BCG immunotherapy gives a high percentage of positive response, which is 55–65% for high-risk papillary tumors and 70–75% for carcinoma in situ (CIS) [33][34][35][36]. Unfortunately, as many as 25–45% of patients will not benefit from BCG therapy. In addition, about 40% of patients have relapse despite initial successes with BCG [21]. Despite the constant development of medicine and technology, the percentage of patients in whom BCG therapy does not have a positive effect remains similar to that reported in the early 1990s (30–35% of patients remain resistant to this method of treatment) [31][32]. Currently, patients can be divided into three groups: BCG resistant, BCG relapse, or BCG intolerance [37]. The differences between these groups remain extremely important because they can provide information on the response of individual patients to BCG therapy. Many studies are underway, including those showing promising early results in selected patients who do not respond to BCG but long-term results are still distant.

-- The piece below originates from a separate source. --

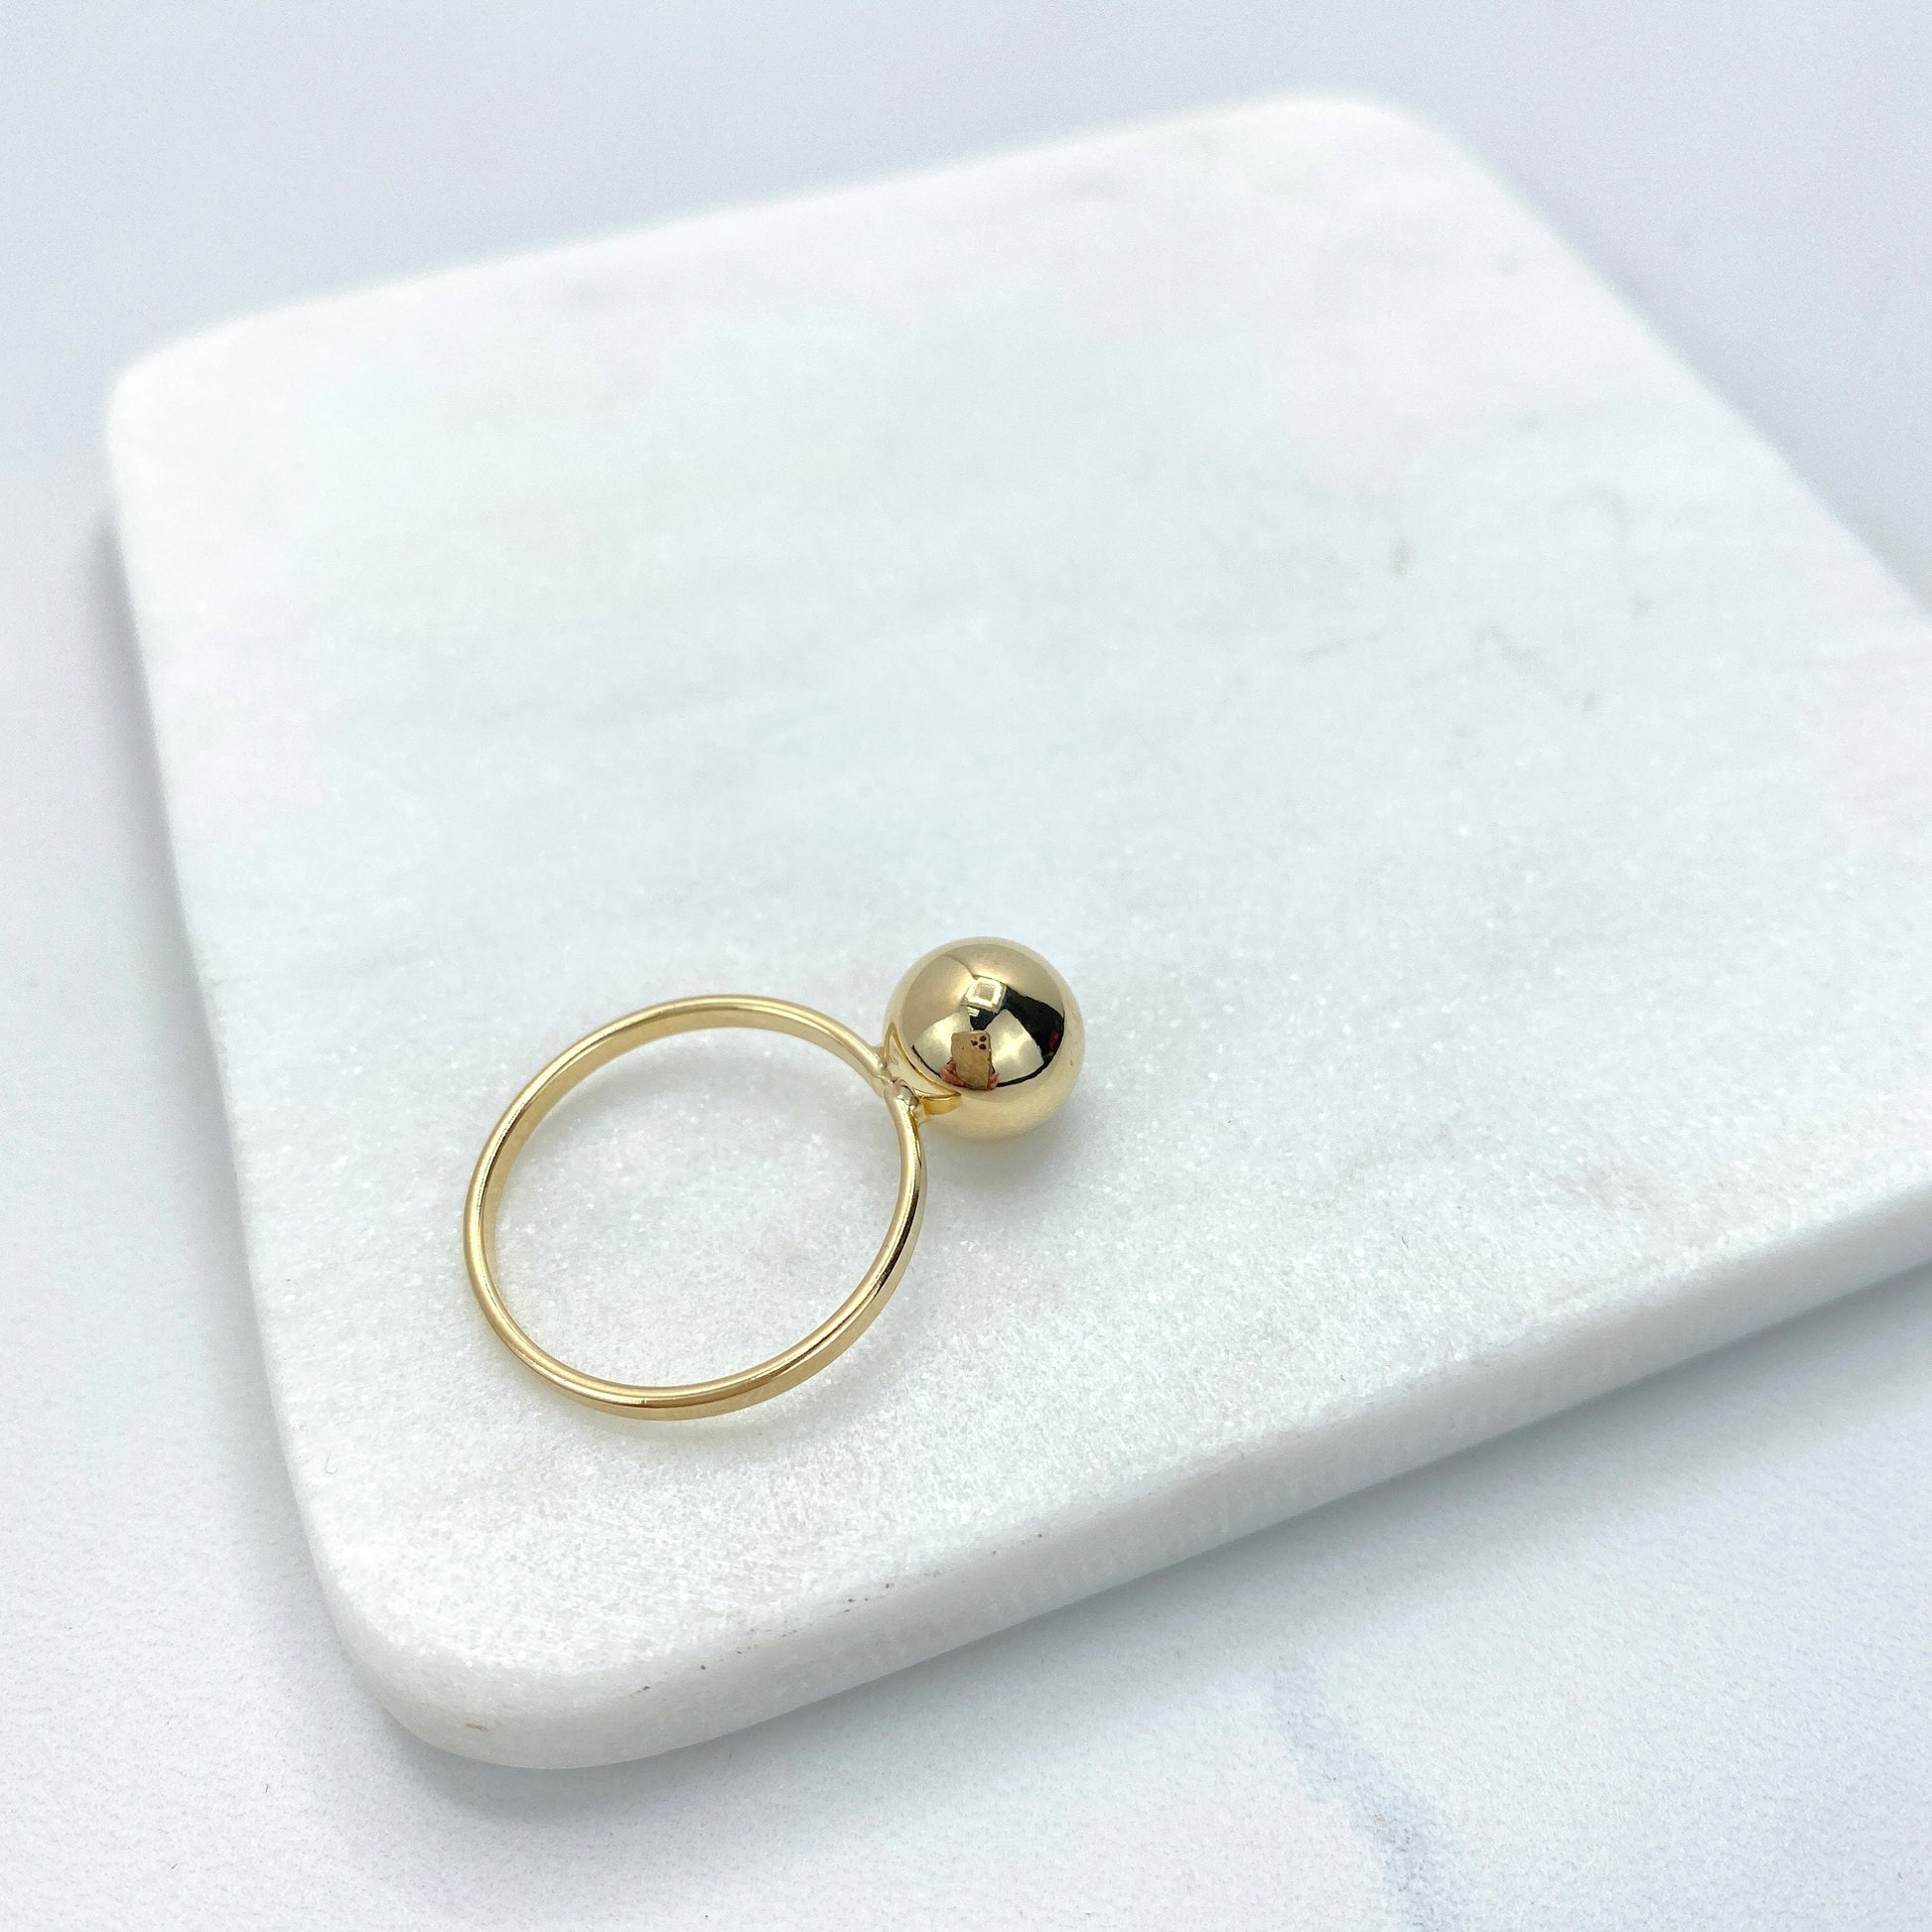 18k Gold Filled Solitaire Medium Ball Ring Wholesale and Jewelry Making Supplies

For this reason, understanding the immunobiology of BCG-induced tumor immunity is necessary to tailor BCG treatment to specific patients and to improve efficacy as well as to reduce intolerance to this therapy.

While some researchers are still trying to refine the BCG treatment method, some teams have focused on other, equally promising, immunotherapies against bladder cancer.

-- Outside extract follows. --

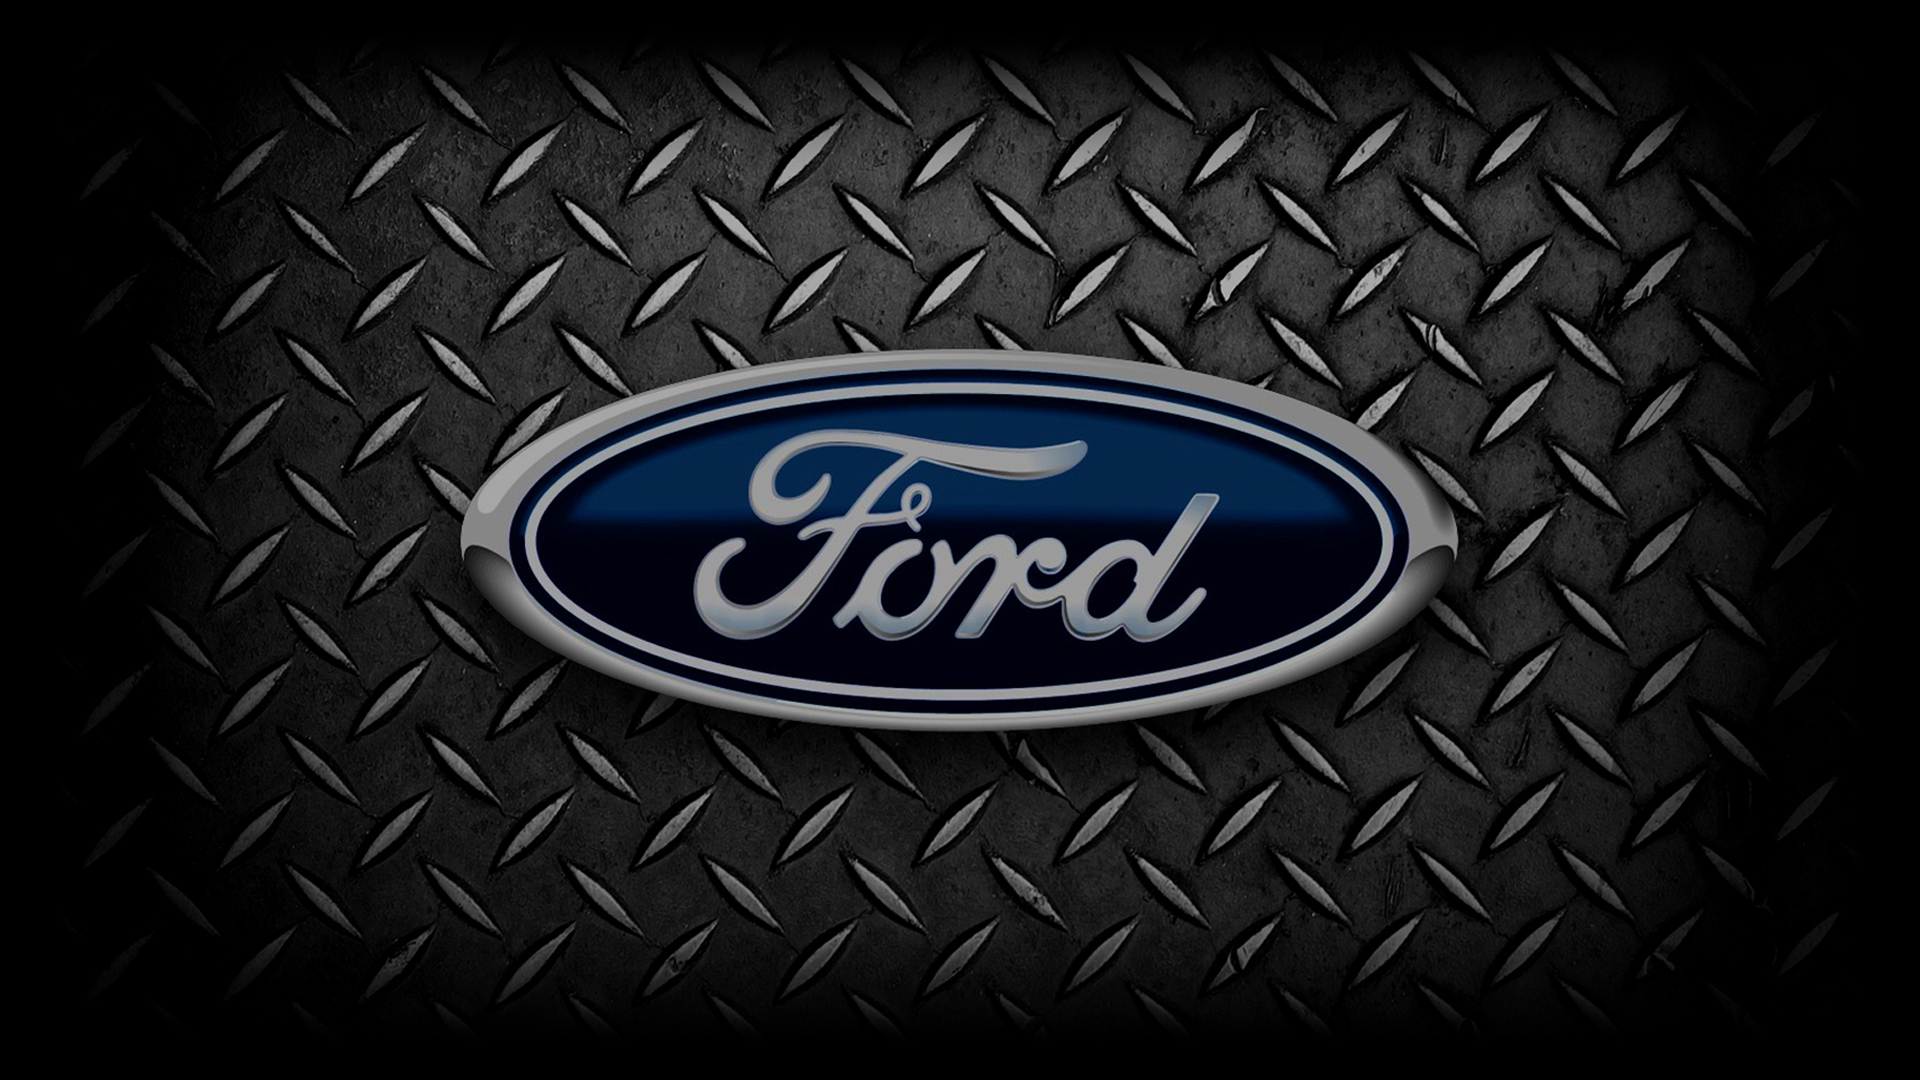 Ford Wallpaper backgrounds In HD for Download 1920x1080

3. Checkpoints’ Inhibitors Pathway

Responsiveness to checkpoint inhibitors (mainly PD-1/PD-L1 (programmed cell death protein-1/ programmed cell death protein ligand 1) and CTLA4 (cytotoxic T cell antigen)) is the key to successful cancer therapy, but still not every patient achieves clinical benefit [38]. Immune checkpoint efficacy is affected by various factors, among which tumor genomics, host germline genetics, PD-L1 levels, and gut microbiome may be enumerated [38]. Generally, in tumors, mutated or incorrectly expressed proteins are processed via the immunoproteasome into peptides that are usually loaded onto MHC (major histocompatibility complex) class I molecules, which further not always are able to elicit CD8+ T cell response [38]. This may lead to generating MHC-presented immunogenic neoepitopes [38]. It was shown, that once the intratumor heterogeneity rises, neoantigen-expressing clones became more homogenous with the differential expression of PD-L1 [39].

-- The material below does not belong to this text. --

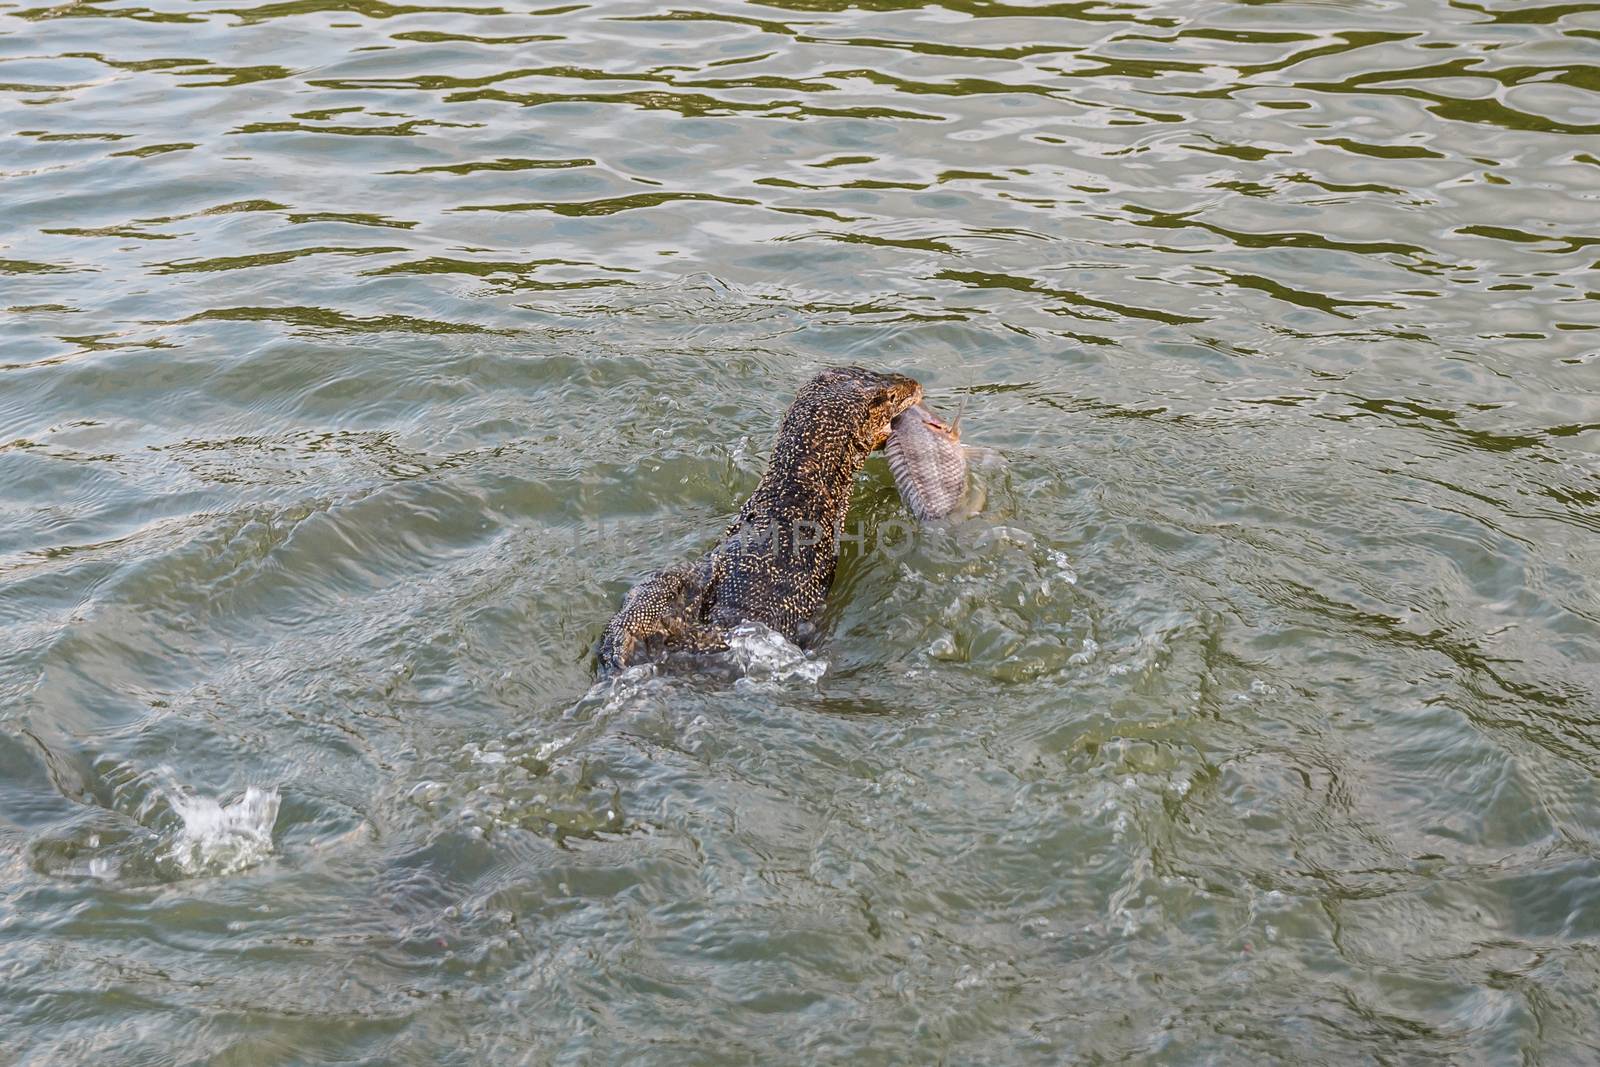 Monitor lizard swimming and hunting fish with it mouth.

Also, mutations on several signaling pathways may influence the effectiveness of immune checkpoints inhibitors [39]. This was confirmed in bladder cancer for Janus kinase (JAK) signaling pathway, where negative regulator of JAK-SOCS3 (suppressor of cytokine signaling 3) was reduced, with simultaneous upregulation of miR-221 (micro RNA), leading to enhanced cell apoptosis, and attenuated cell proliferation [40]. Such dysregulation of JAK (Janus activated kinase)-STAT (signal transducer and activator of transcription) signaling pathway was also confirmed in patients with bladder cancer with high STAT3 expression [41].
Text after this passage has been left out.